| Outcome | Probability | Yes Bid | Yes Ask | 24h Change | Volume | |
|---|---|---|---|---|---|---|
| San Francisco | 99% | 99¢ | 100¢ | — | $182K | Trade → |
| Chicago WS | 1% | 0¢ | 1¢ | — | $119K | Trade → |
This market asks which team will win the World Series matchup labeled San Francisco vs Chicago. It matters because it aggregates public expectations about the championship outcome and can signal changing perceptions as the series progresses.
A World Series matchup between San Francisco and Chicago represents a postseason championship contest between two major-league clubs; each franchise brings its own history, roster construction, and playoff experience. Outcomes in a series depend on a mix of season-long performance, short-term form, and matchup dynamics rather than a single metric.
Market prices reflect the consensus view of traders about which team will win the series at any given time; treat them as a real-time summary of beliefs and new information rather than fixed predictions.

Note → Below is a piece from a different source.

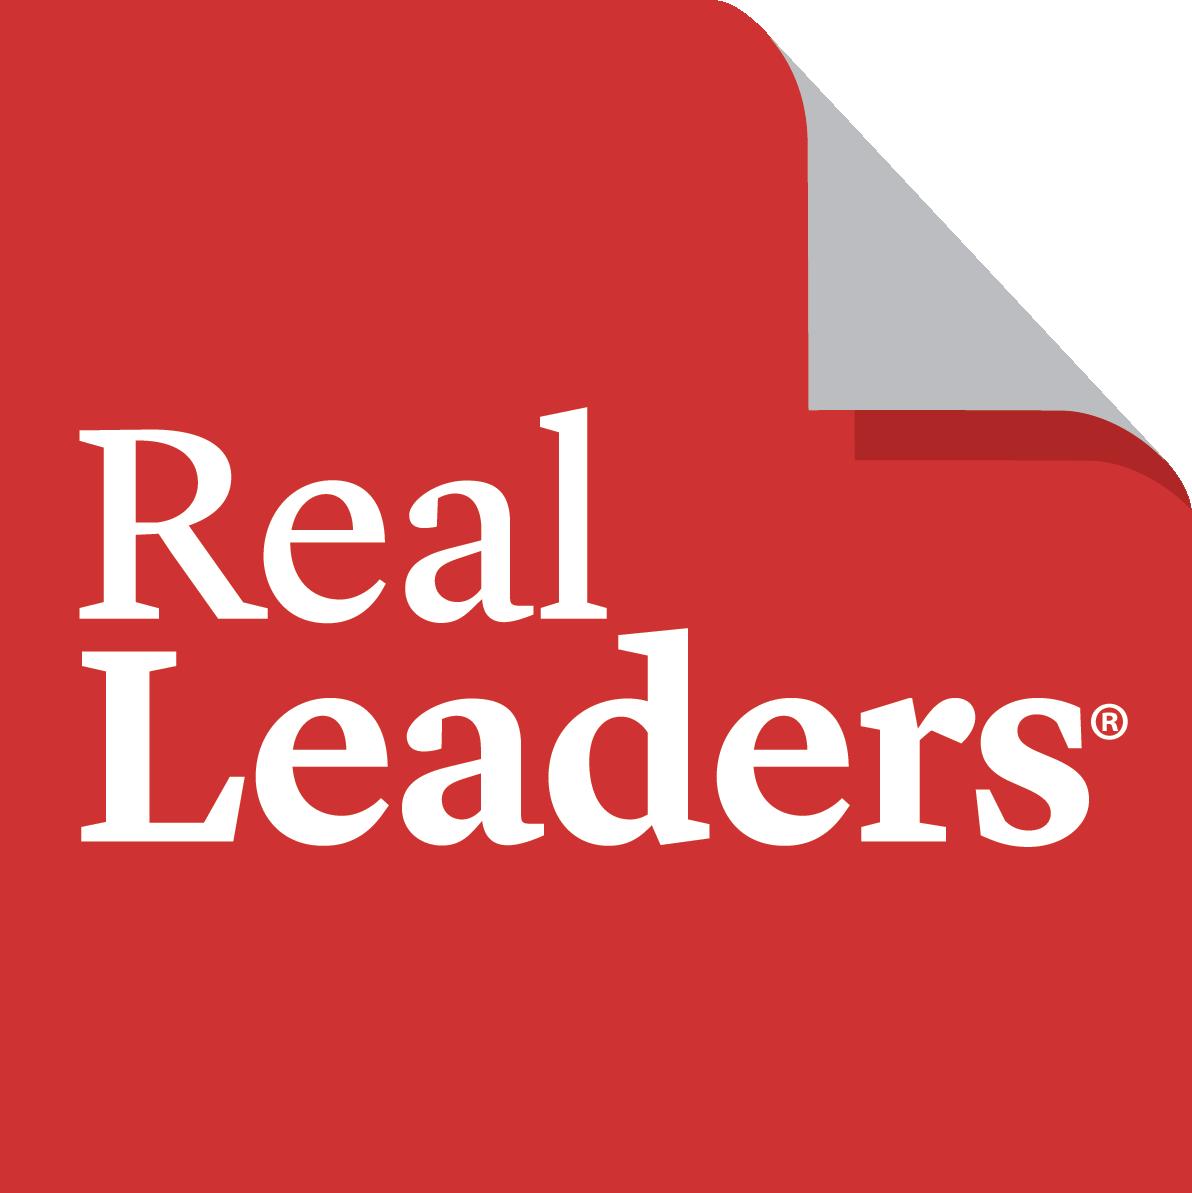 Real Leaders

The market will close on the schedule set by the market operator, typically before or when the outcome can no longer change (for example, at the conclusion of the decisive game or when the series winner is officially determined). Check the platform for the official close time.
This market offers two mutually exclusive outcomes: one option resolves if the San Francisco team wins the World Series, and the other resolves if the Chicago team wins the World Series.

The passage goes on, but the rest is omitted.